Beyond $BV$: new pairings and Gauss-Green formulas for measure fields with divergence measure

TL;DR

This paper introduces a new pairing concept for measure vector fields with divergence measure and scalar functions, extending classical formulas and defining novel anisotropic perimeters, even for fractal boundaries.

Contribution

It develops a new pairing framework that applies to less regular functions and vector fields, generalizing Gauss-Green formulas and perimeter concepts beyond traditional BV functions.

Findings

Pairings preserve coarea formula and lower semicontinuity.

Gauss-Green formulas are extended to new function classes.
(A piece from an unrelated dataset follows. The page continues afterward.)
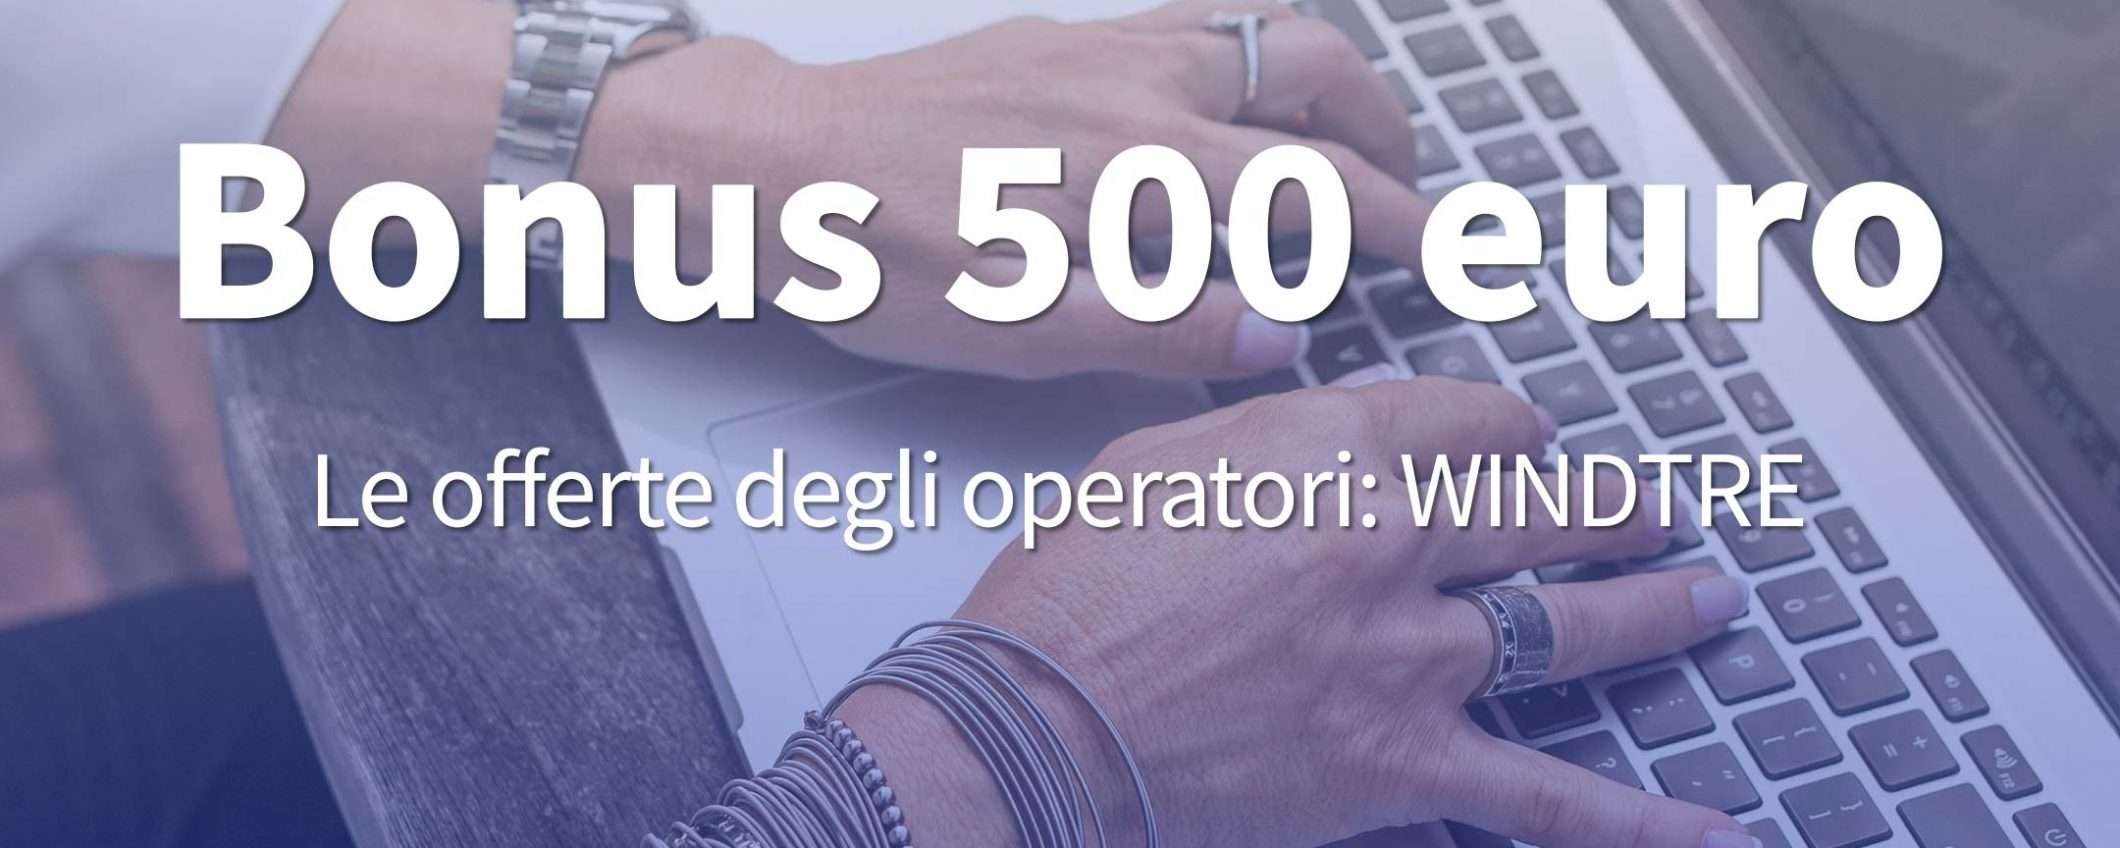 Bonus 500 euro: l'offerta WINDTRE Super Fibra
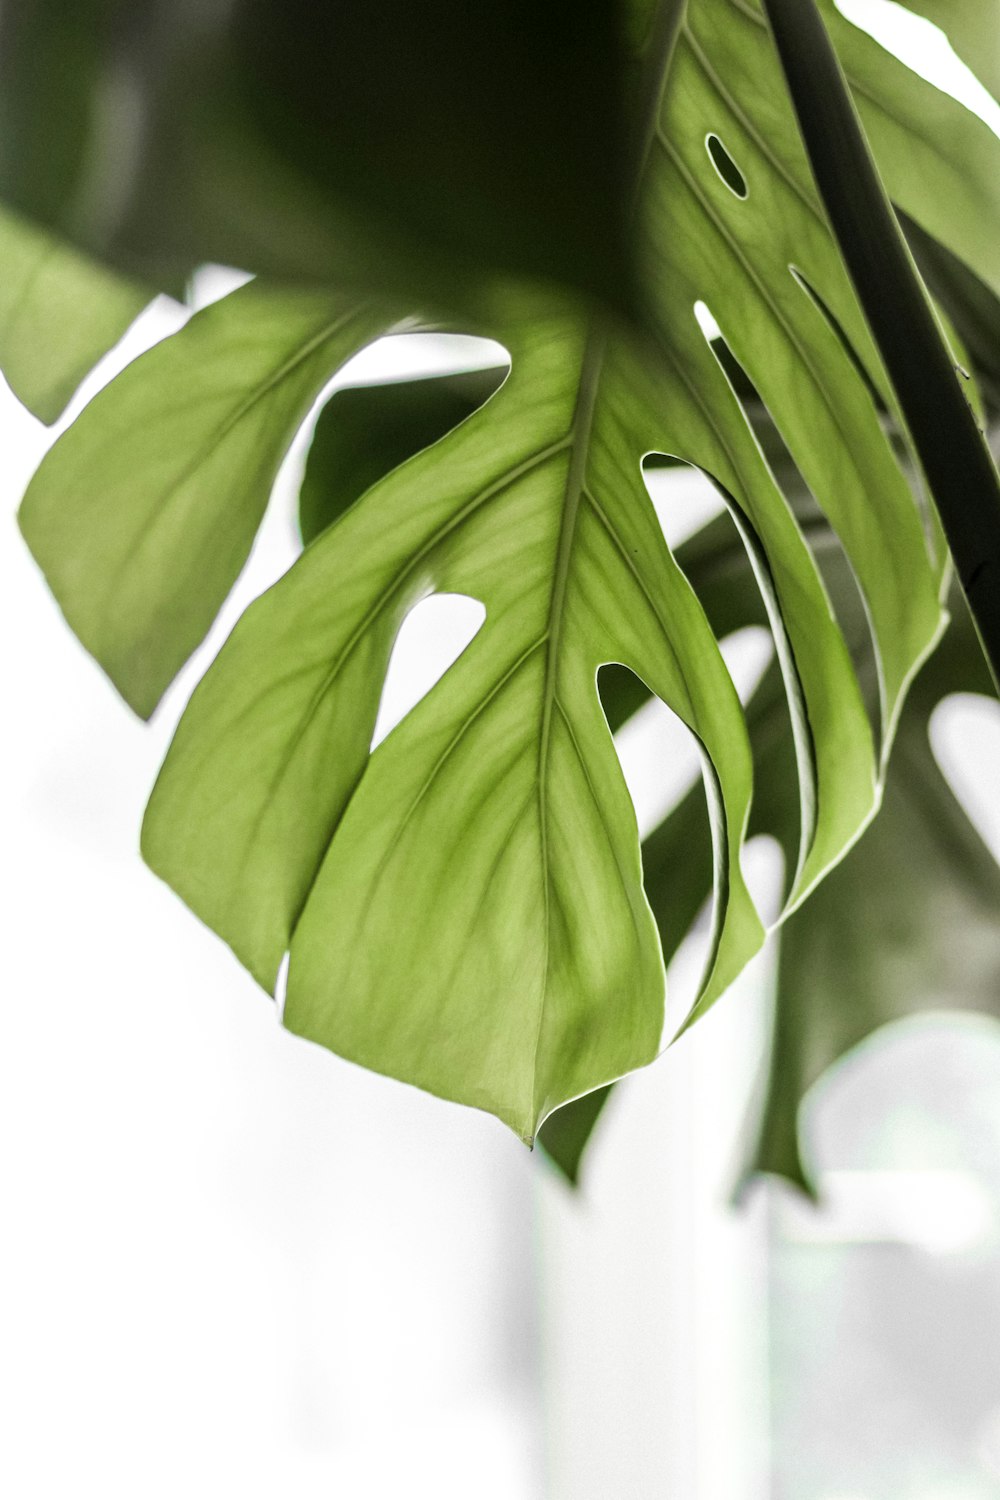 Fotografia macro di una pianta a foglia verde

New anisotropic perimeters accommodate fractal boundaries.

Abstract

A new notion of pairing between measure vector fields with divergence measure and scalar functions, which are not required to be weakly differentiable, is introduced. In particular, in the case of essentially bounded divergence-measure fields, the functions may not be of bounded variation. This naturally leads to the definition of $BV$-like function classes on which these pairings are well defined. Despite the lack of fine properties for such functions, our pairings surprisingly preserve many features of the recently introduced $\lambda$-pairings (Crasta, De Cicco, Malusa 2022, arXiv:1902.06052), as coarea formula, lower semicontinuity, Leibniz rules, and Gauss-Green formulas. Moreover, in a natural way new anisotropic "degenerate" perimeters are defined, possibly allowing for sets with fractal boundary.